▶ [WORK REQUIRED]
Drop the images; return everything else in the listing below exactly.

▶ [THE DATA]
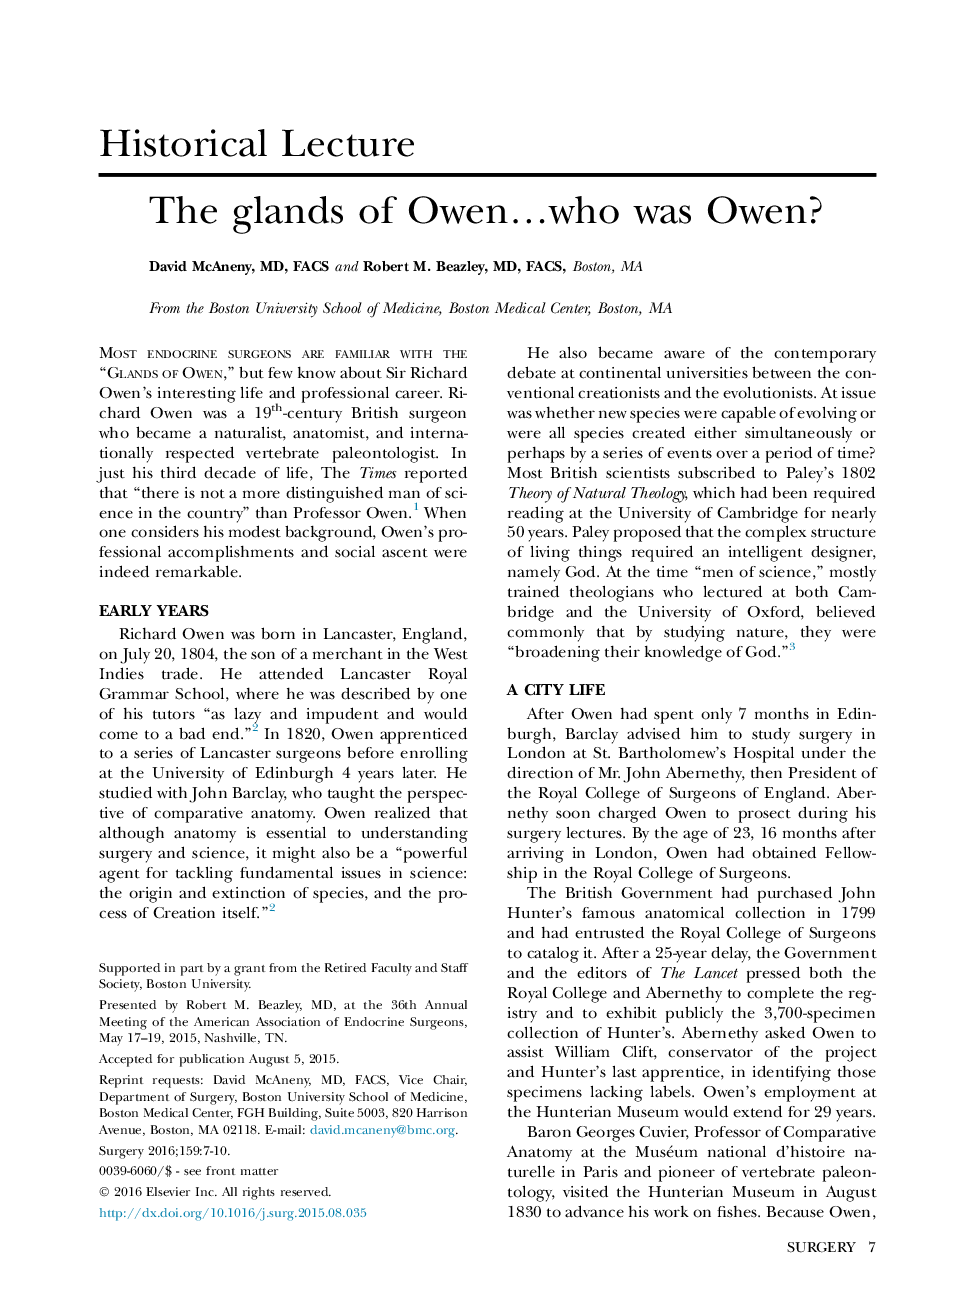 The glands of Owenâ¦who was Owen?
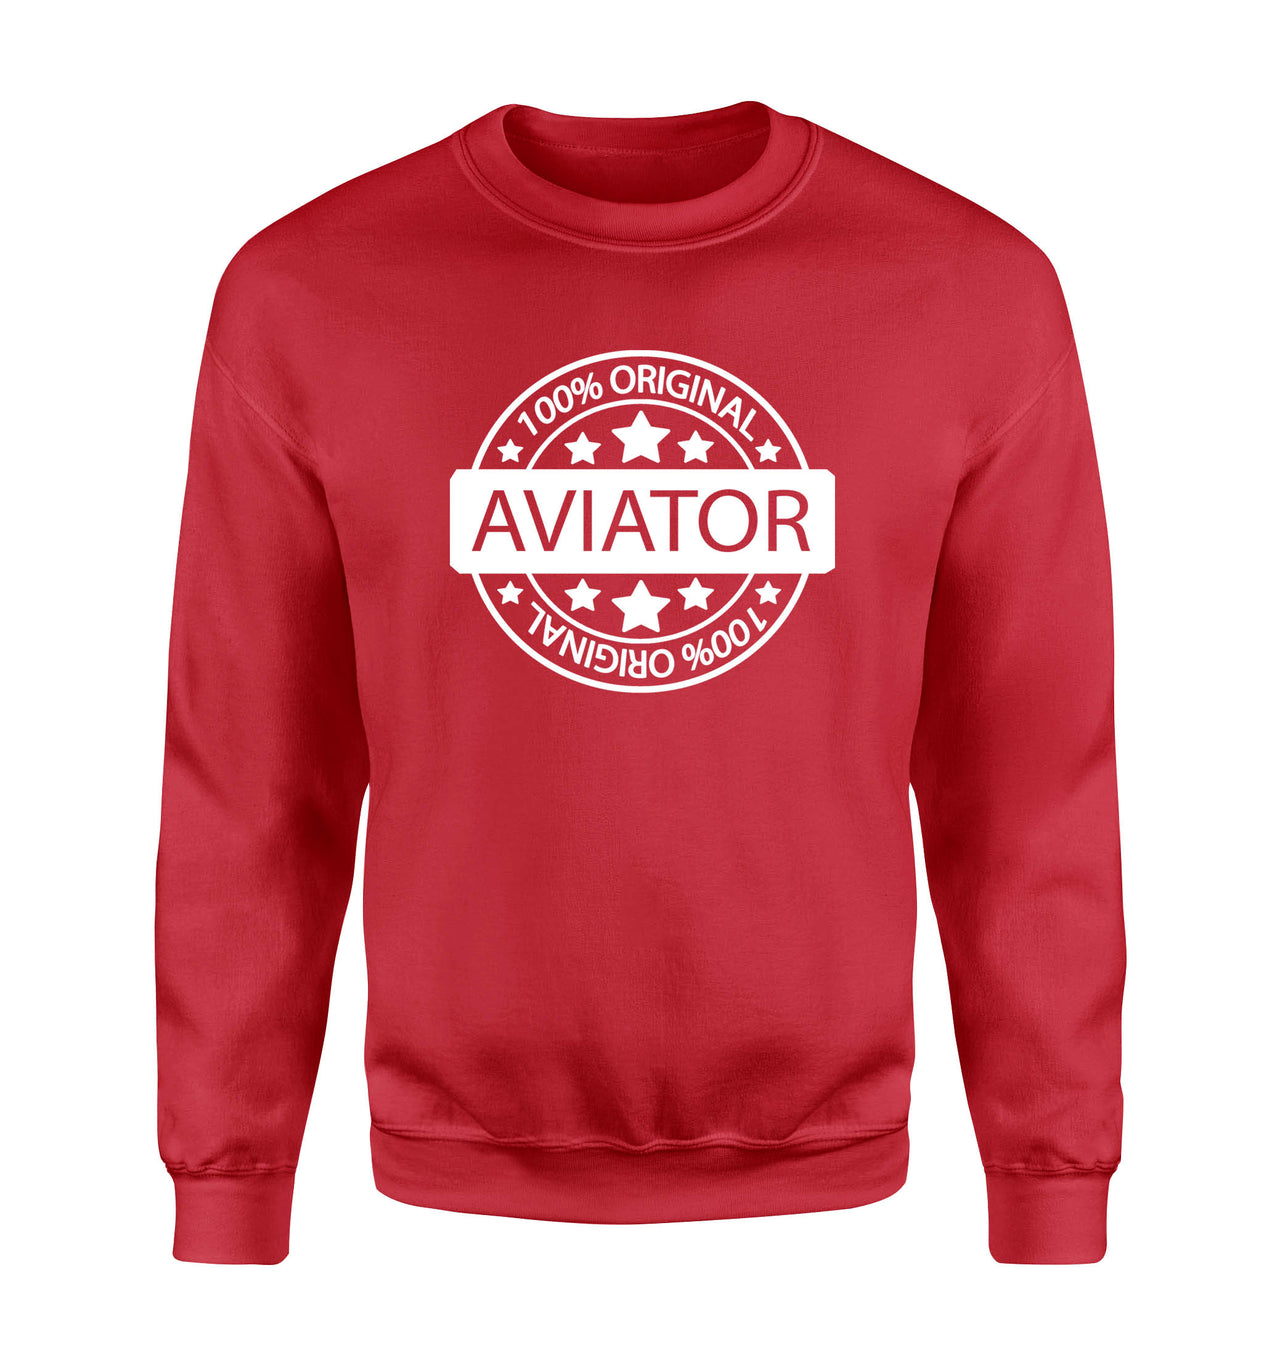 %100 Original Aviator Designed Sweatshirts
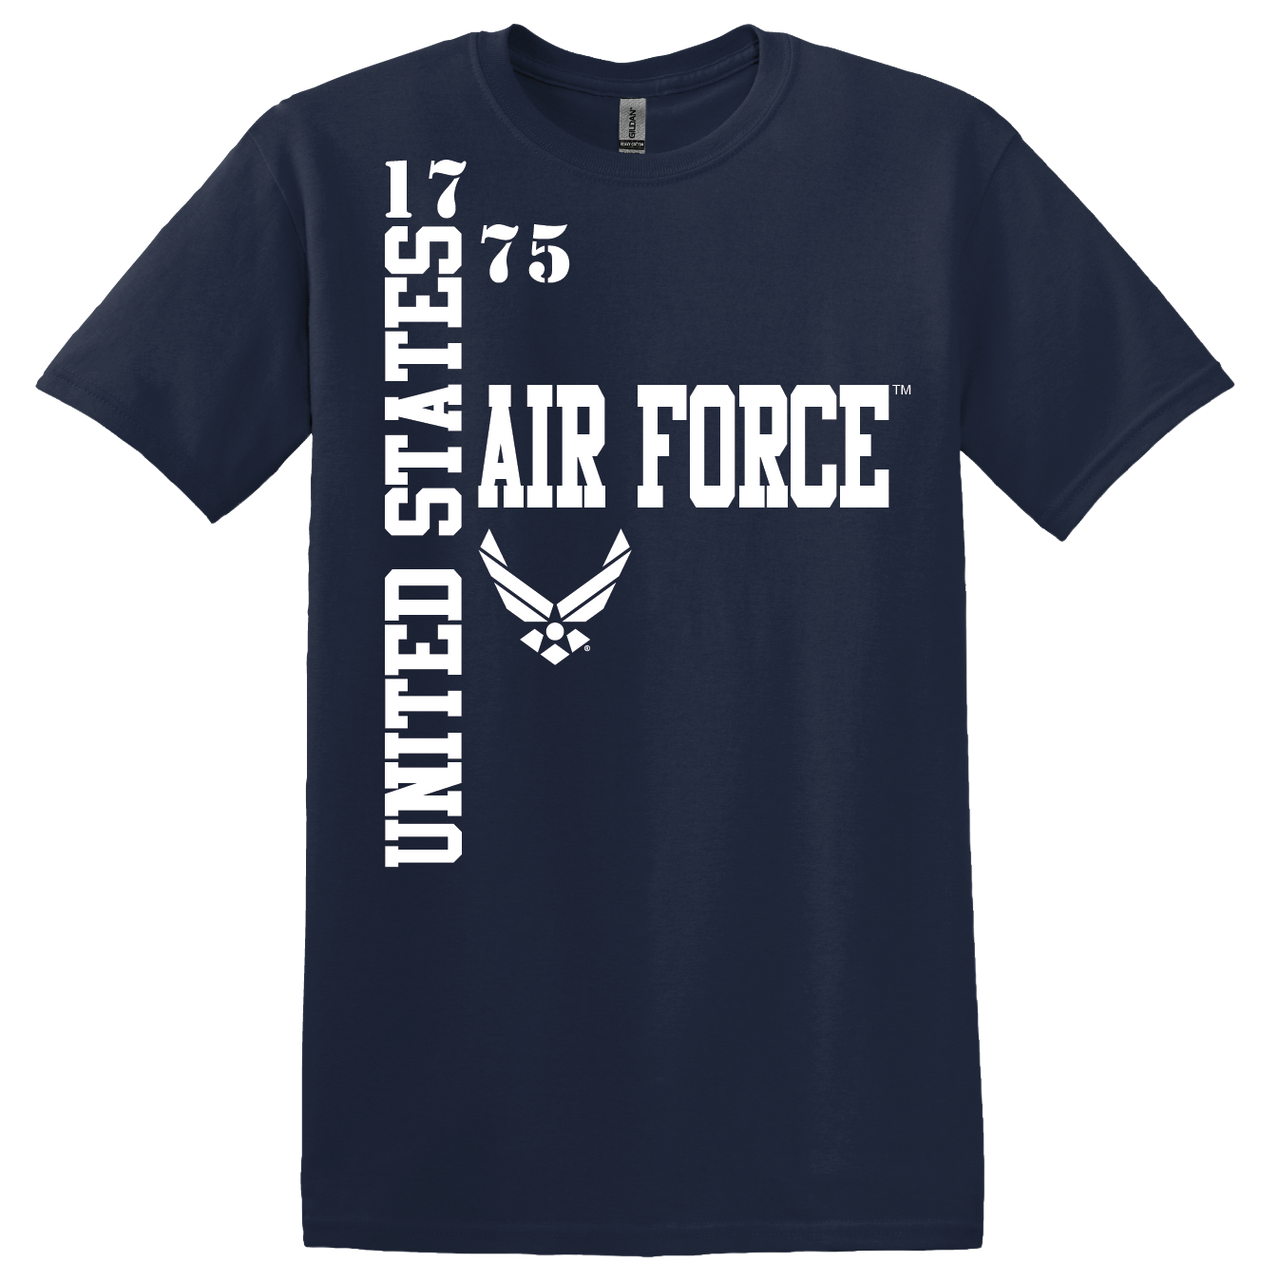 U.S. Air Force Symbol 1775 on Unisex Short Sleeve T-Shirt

▶ [SOLUTION FOR THIS TASK]
 The glands of Owenâ¦who was Owen?
 %100 Original Aviator Designed Sweatshirts
 U.S. Air Force Symbol 1775 on Unisex Short Sleeve T-Shirt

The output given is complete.